I'll take this one. I was just digging around in the code around this. We have code that prevents this on CGroups v1 systems (the issue which we encountered before, and which I'm almost certain is happening here, is that the cleanup process is launching and occupying the conmon cgroup, preventing its deletion; the solution was to set a PID limit on said cgroup before stopping the containers of the pod, to prevent the cleanup process from being launched). I presume that cgroupfs has changed sufficiently from v1 to v2 that said code does not work on RHEL9 (and likely will not work on RHEL8 + cgroupsV2 + cgroupfs either).

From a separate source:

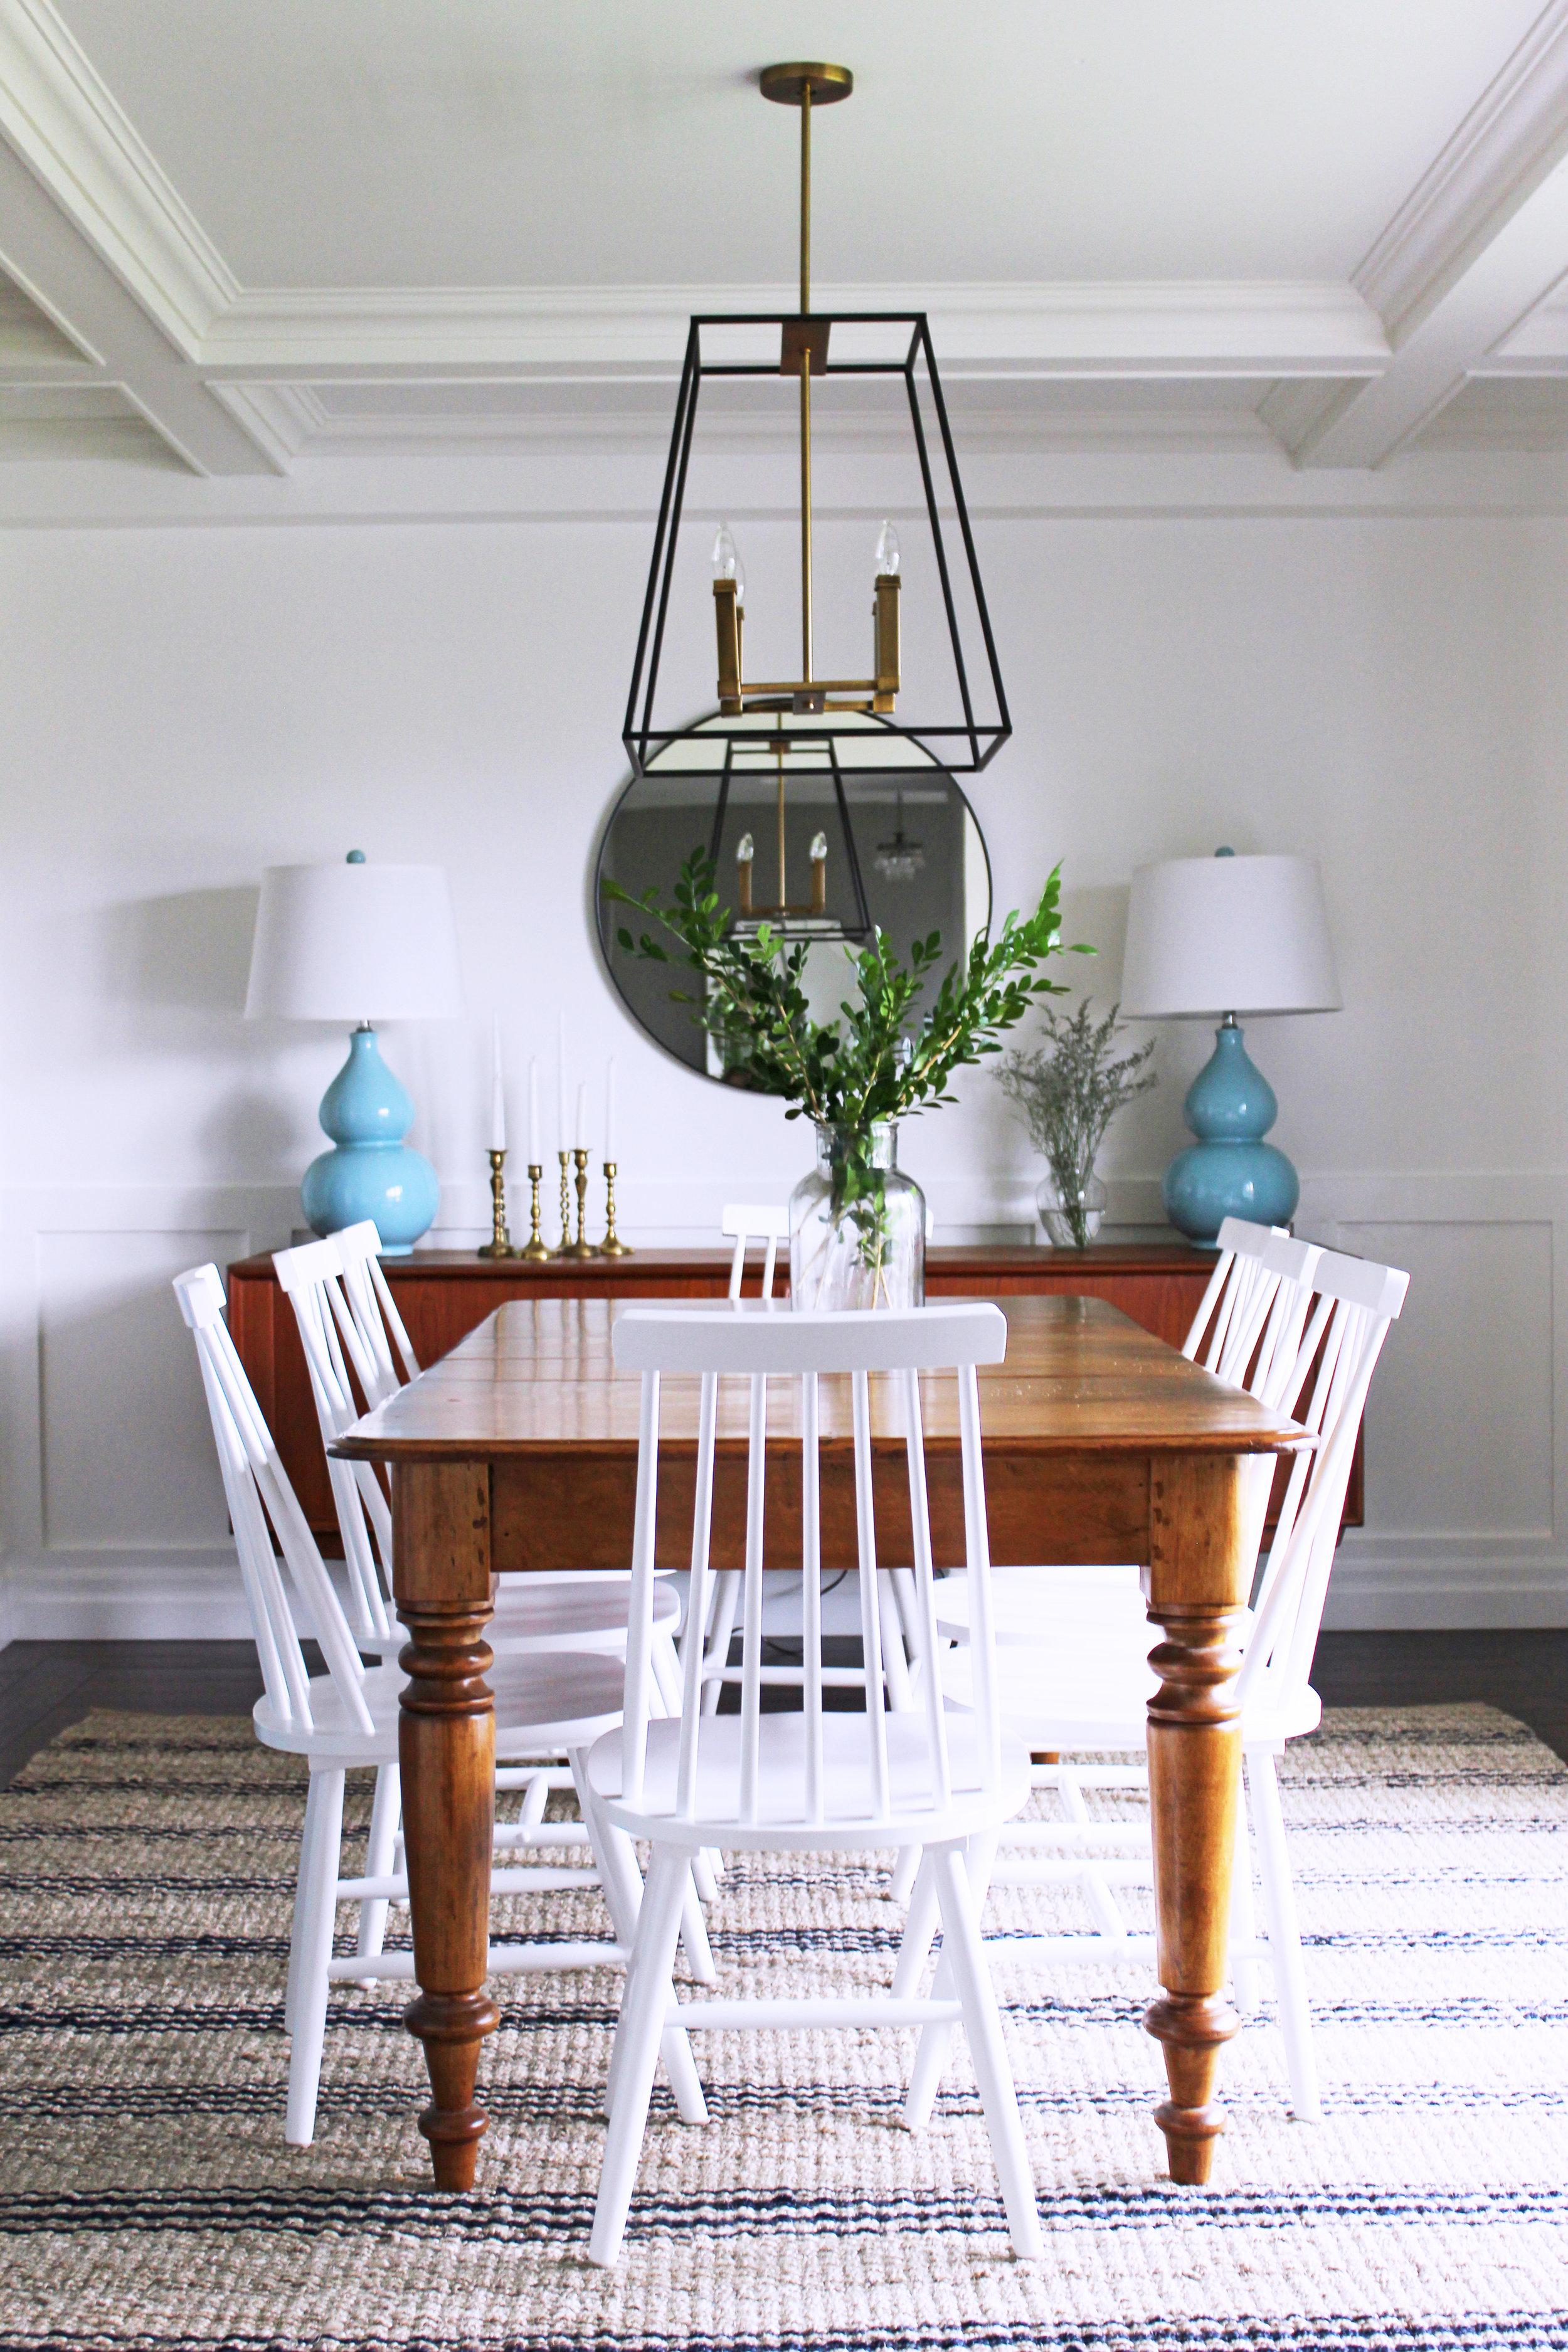 diningroommakeover_tiffanyleighdesign_1.jpg

Comment 5 RHEL Program Management 2023-02-09 07:27:47 UTC

After evaluating this issue, there are no plans to address it further or fix it in an upcoming release.  Therefore, it is being closed.  If plans change such that this issue will be fixed in an upcoming release, then the bug can be reopened.

Comment 8 Tom Sweeney 2023-05-04 20:53:11 UTC

@mheon any progress on this one?

Comment 10 Tom Sweeney 2023-07-10 17:59:56 UTC

reping @mheon

Comment 11 Matthew Heon 2023-07-10 19:28:50 UTC

The code in question appears to have been entirely removed while I was not working on this bug (was replaced as part of the effort to add resource limits to pods), so I think we can call this done. Wish I could say this was intentional and I was waiting for the code to be refactored out of existence, but this just fell lower in priority than other bugs long enough that the code changed around it.

Going to CLOSED CURRENTRELEASE given the complete removal of affected codepaths.